The DEC also utilizes as guidance Anonymous Case Histories (ACHs), which are detailed summaries of cases decided by the DEC that the DEC uses as non-binding precedent. ACHs identify the issue or issues in the case, provide a detailed description of the DEC’s factual findings, and provide the DEC’s rationale for whether a rule was violated and its reasoning for the outcome.
While CFP Board’s ultimate punishment is (only) the revocation of the CFP® marks themselves – after which the financial advisor could simply continue to practice without the CFP® marks – in practice, the fact that CFP Board’s disciplinary actions are public, including the issuance of Press Releases to announce public disciplinary actions (i.e., all except a Private Censure), CFP® professionals face additional reputational risk in being found to have violated CFP Board’s Code and Standards and being sanctioned accordingly.
And of course, aggrieved Clients who file a complaint with CFP Board may also file complaints with government agencies (e.g., a State Securities regulator) or industry regulators (e.g., FINRA or the SEC) as well, that may take further action (including in extreme cases like fraud, the potential for jail time, fines, Client remuneration, or suspension or revocation of industry licenses).
On the other hand, given that CFP Board’s fiduciary standard is higher than many other regulatory standards (e.g., for insurance agents and broker-dealers), it’s also entirely possible that a CFP® professional’s conduct could violate CFP Board’s Code and Standards and not violate standards of other regulators.
Ultimately, the core purpose of having Financial Planning Practice Standards, and the prescribed 7-step Financial Planning process, is three-fold.
First and foremost, having professional practice standards and a clearly articulated process can help CFP® professionals ensure that they render services appropriately for clients, helping them to ensure they don’t accidentally miss any key steps that could result in poor advice. Simply put, standards of practice help ensure the consistent delivery (and therefore a higher average quality) of a professional service.

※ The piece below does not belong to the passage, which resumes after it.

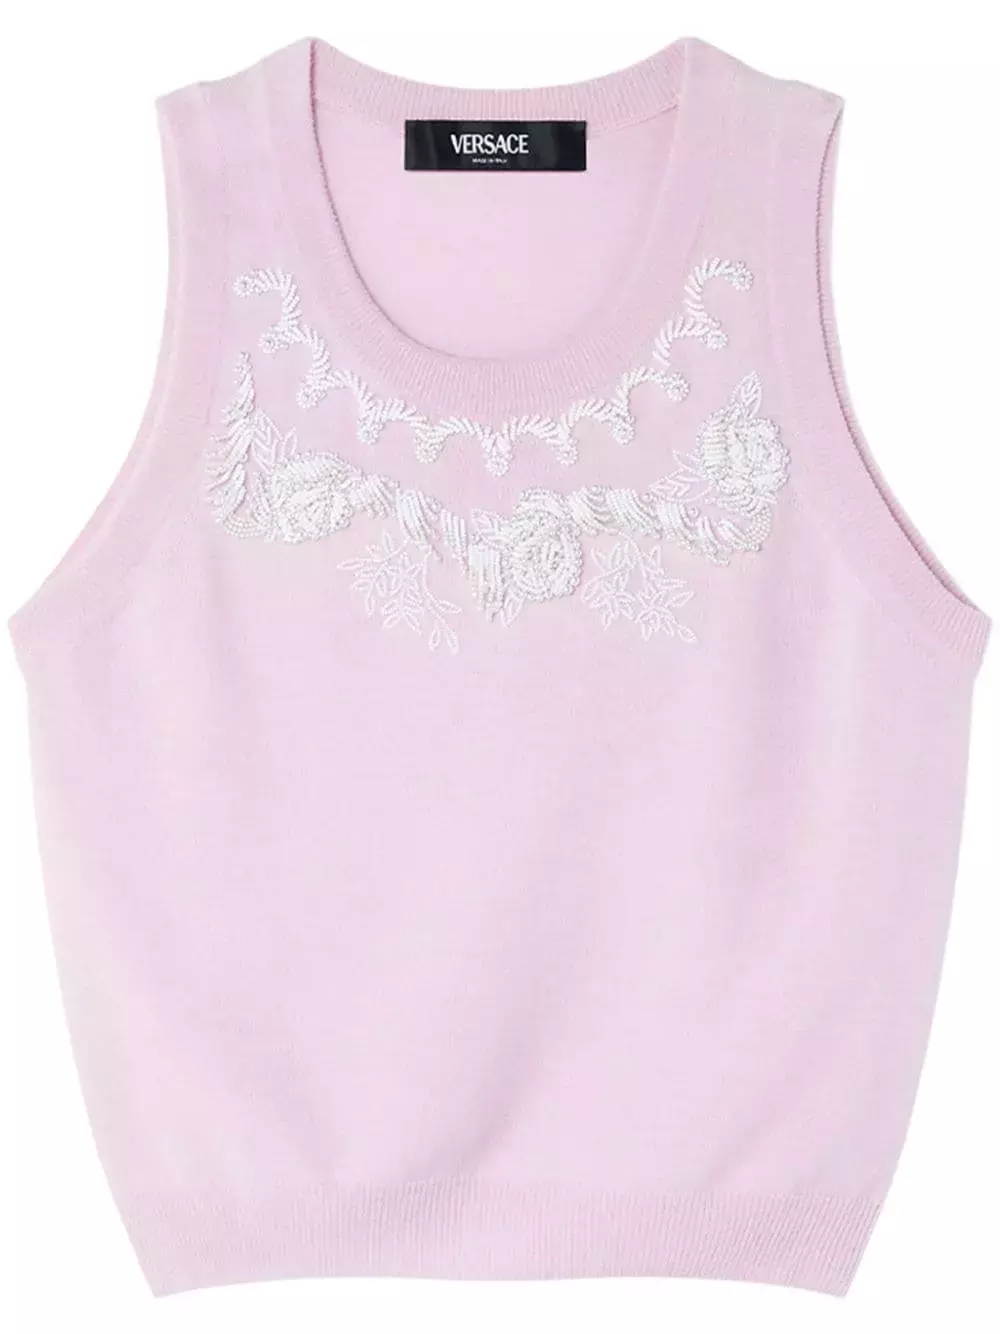 Versace Pink Embroidered Knit Top

Second, having clear practice standards helps to make it clear when a CFP® professional has met their professional obligation to clients, even and especially when the final outcome may not be favorable. Just as doctors can defend against malpractice – even if the patient isn’t cured or doesn’t survive – and investment professionals can avoid being liable for inappropriate investment recommendations by demonstrating that they diligently followed a prudent professional process, so too can and should CFP® professionals have and be able to adhere to their own professional process to demonstrate that what they did was appropriate for the Client (regardless of the outcome).
Third, establishing these Financial Planning Practice Standards provides a framework to define when CFP® professionals are not expected to “do” Financial Planning and do not have to engage in a full-scope advice process. Which, again, helps to protect the CFP® professional and aids in reducing the cost of financial planning advice itself by not forcing CFP® professionals to engage in a timely process that the Client may not necessarily want or need. While at the same time recognizing that, if and when clients do want comprehensive financial planning… CFP® professionals are expected to follow all the steps of the process to ensure it is delivered appropriately!